RECORDS FOR THIS TASK START
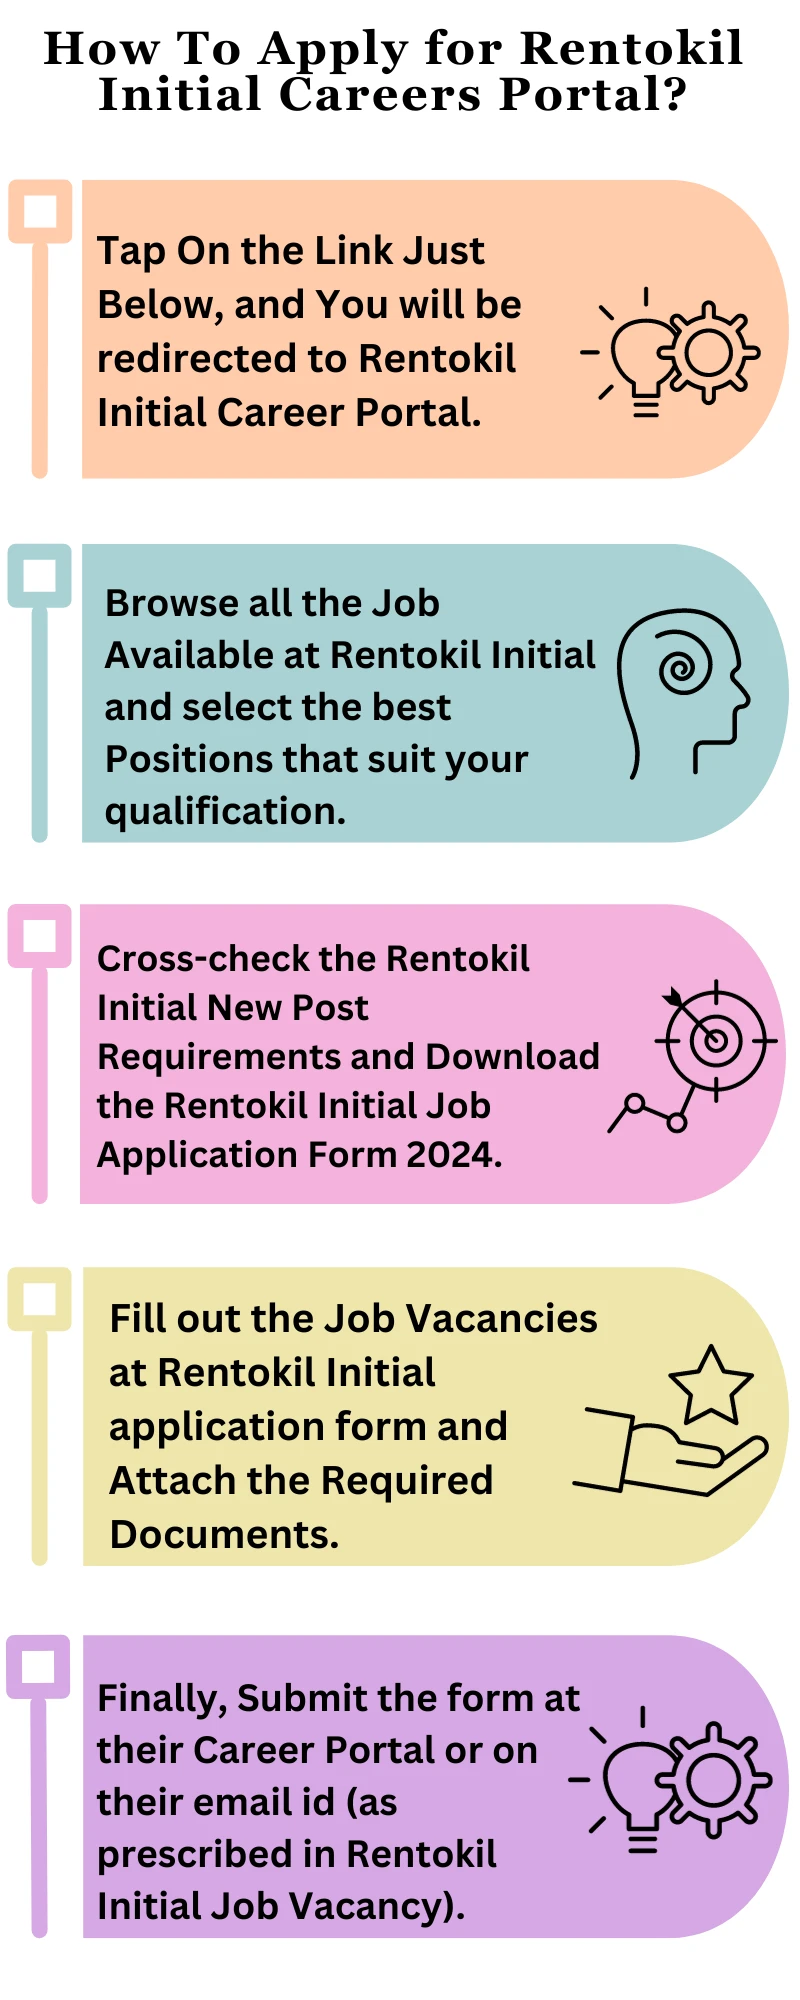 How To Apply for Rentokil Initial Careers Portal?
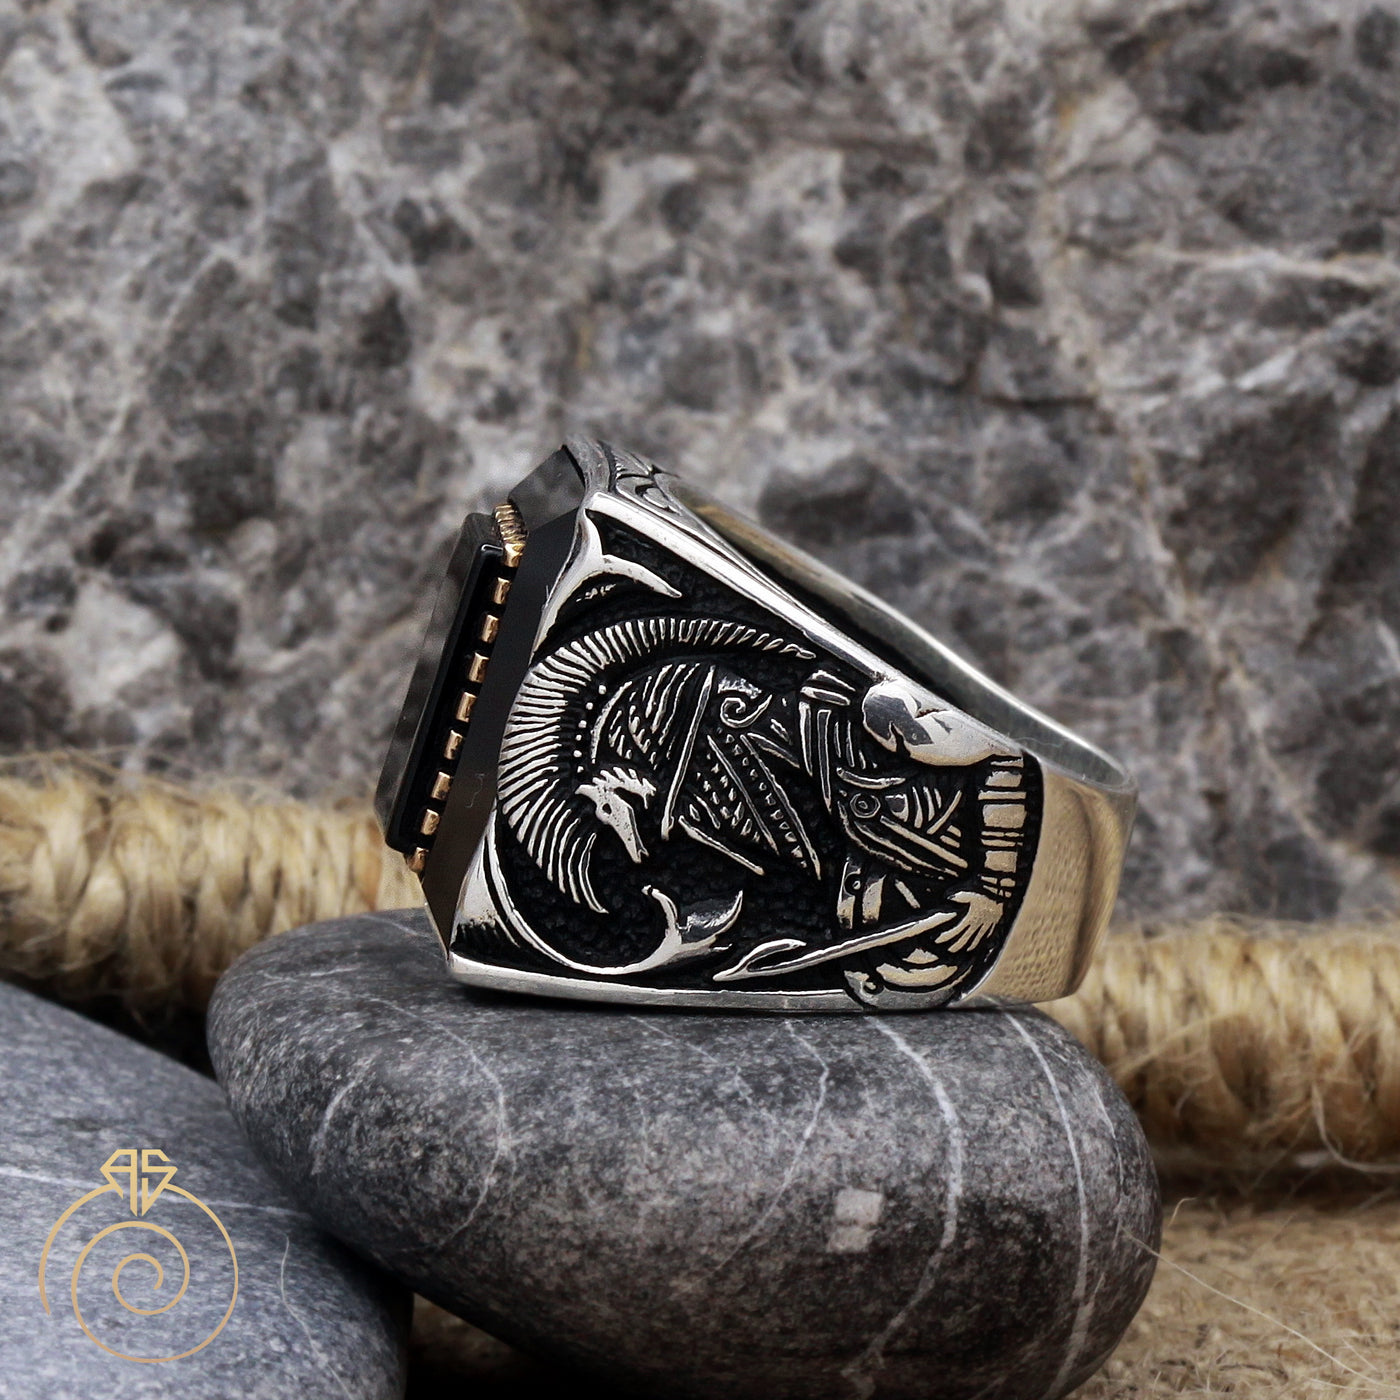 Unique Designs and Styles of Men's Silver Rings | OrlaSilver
RECORDS FOR THIS TASK END
RECORDS FOR THIS TASK START
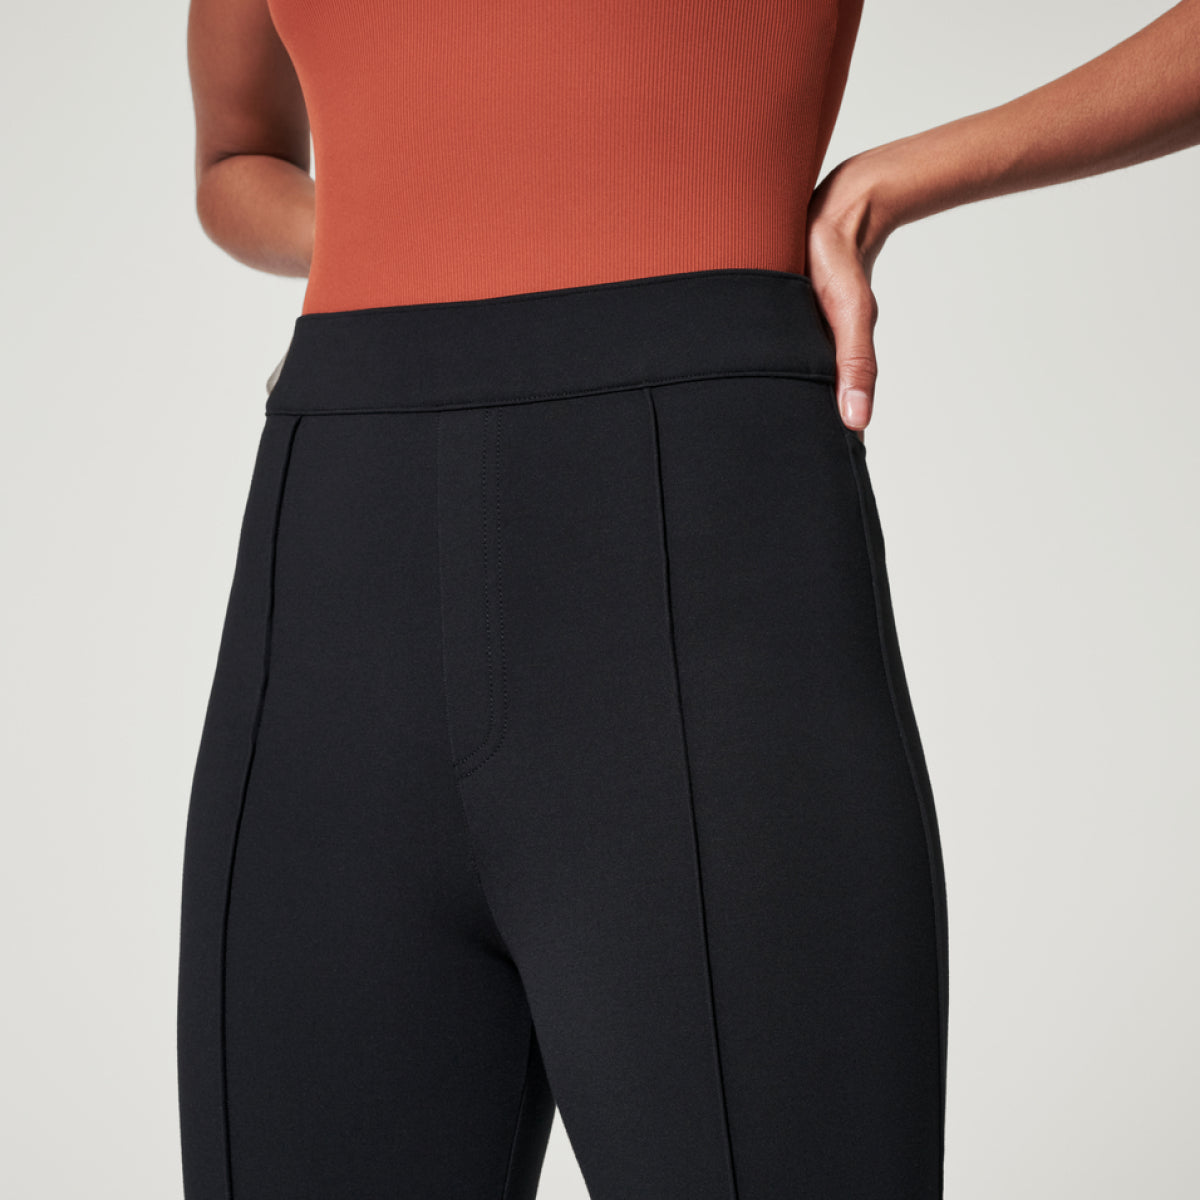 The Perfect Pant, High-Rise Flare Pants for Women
RECORDS FOR THIS TASK END
RECORDS FOR THIS TASK START
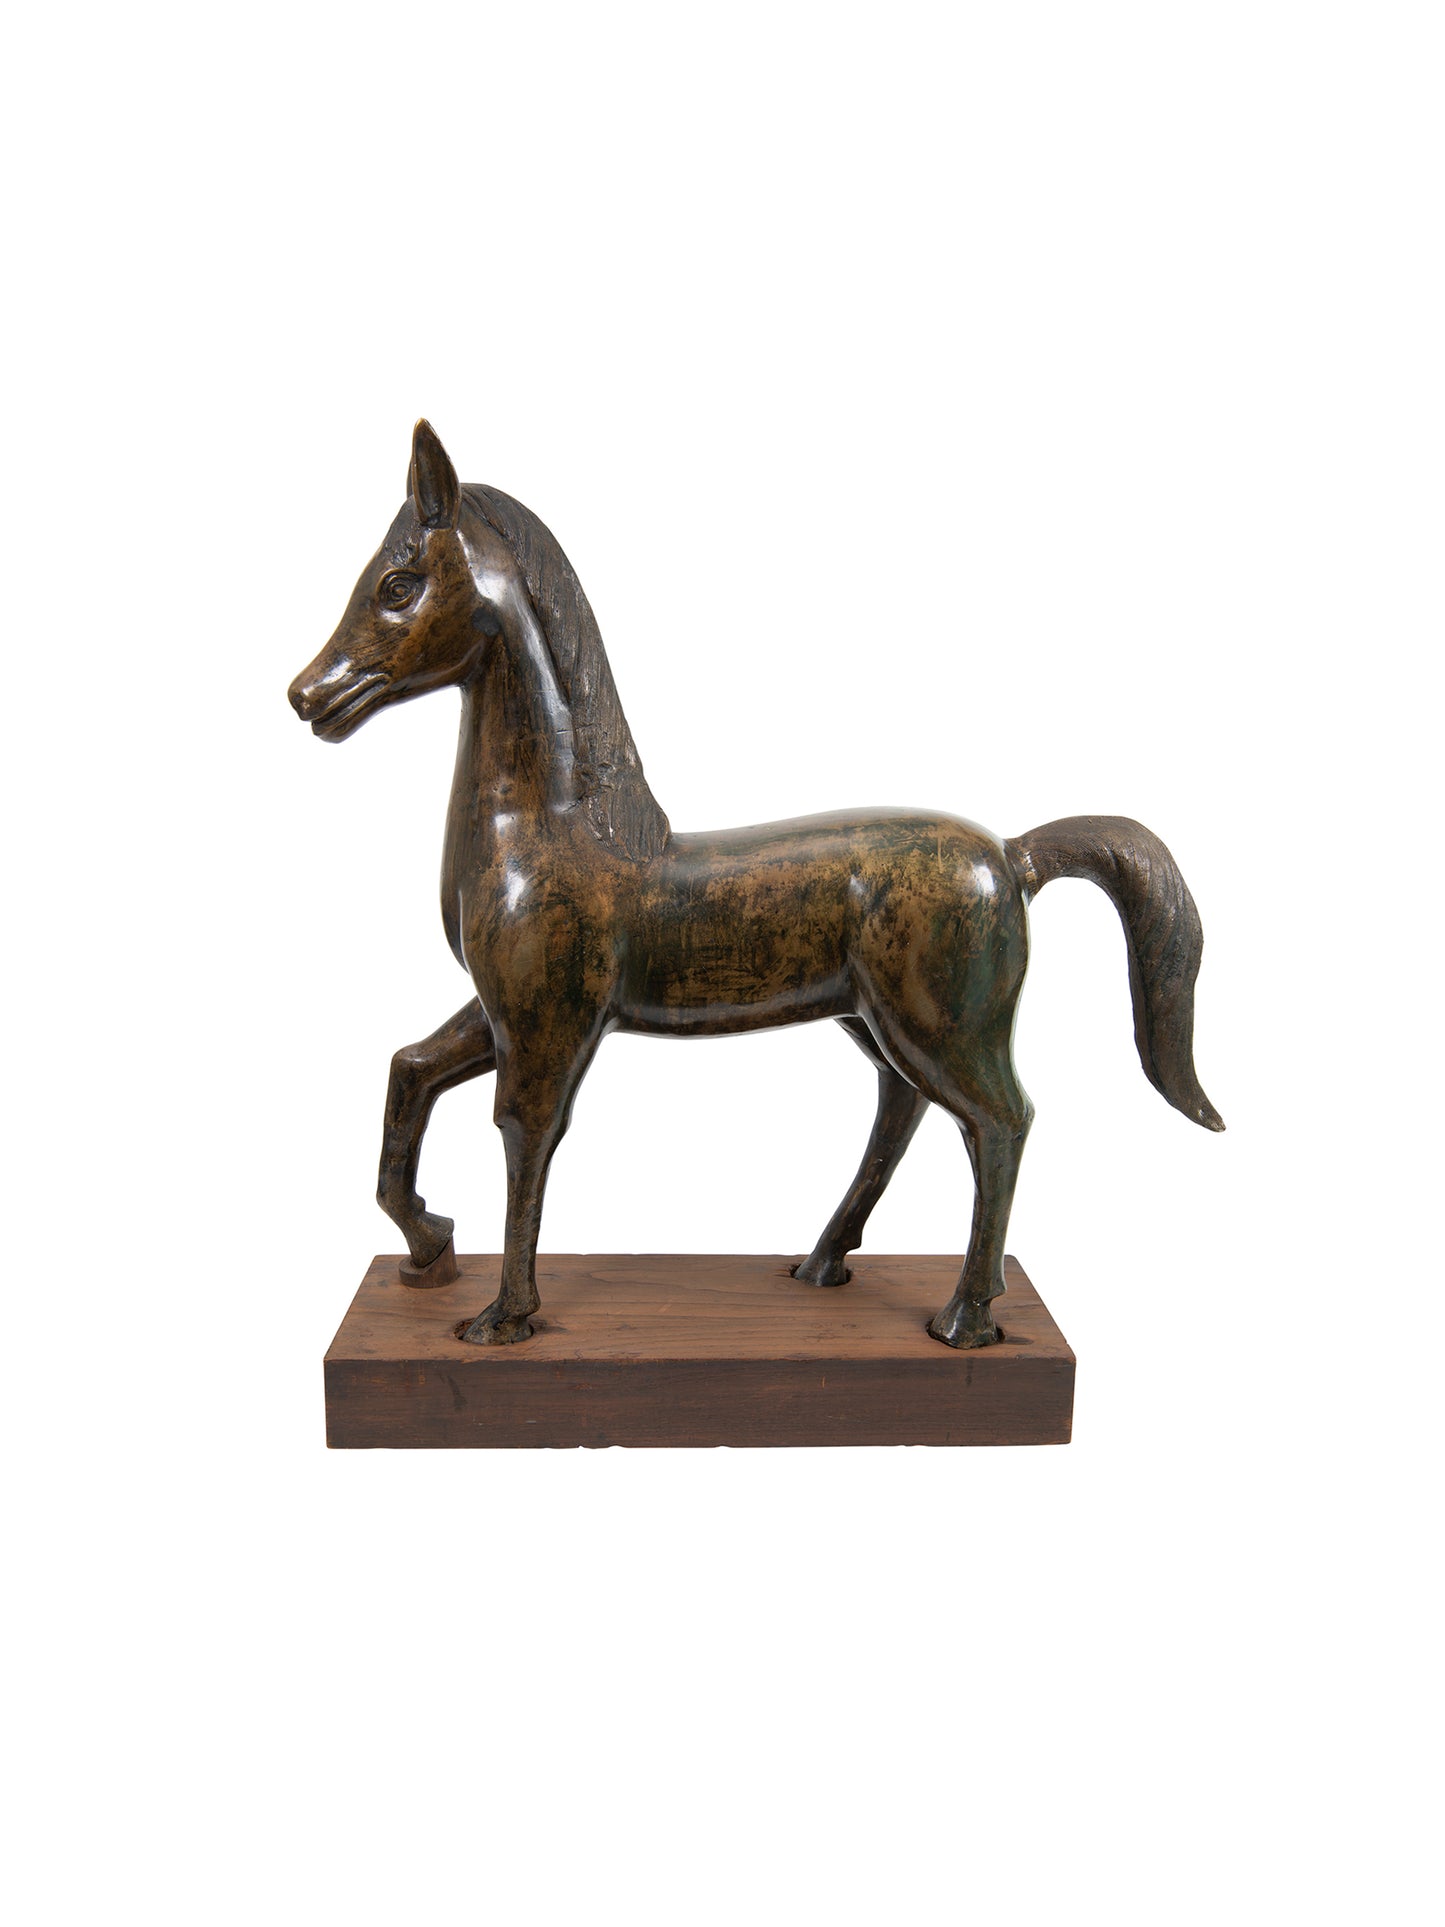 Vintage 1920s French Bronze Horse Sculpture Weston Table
RECORDS FOR THIS TASK END
--- EXERCISE DIRECTIONS ---
Only one stretch of the data is wanted: write out exactly the lines from the one holding "How To Apply" through the one holding "Unique Designs and", both included, without the pictures.

--- OUTPUT FOR THIS TASK ---
 How To Apply for Rentokil Initial Careers Portal?
 Unique Designs and Styles of Men's Silver Rings | OrlaSilver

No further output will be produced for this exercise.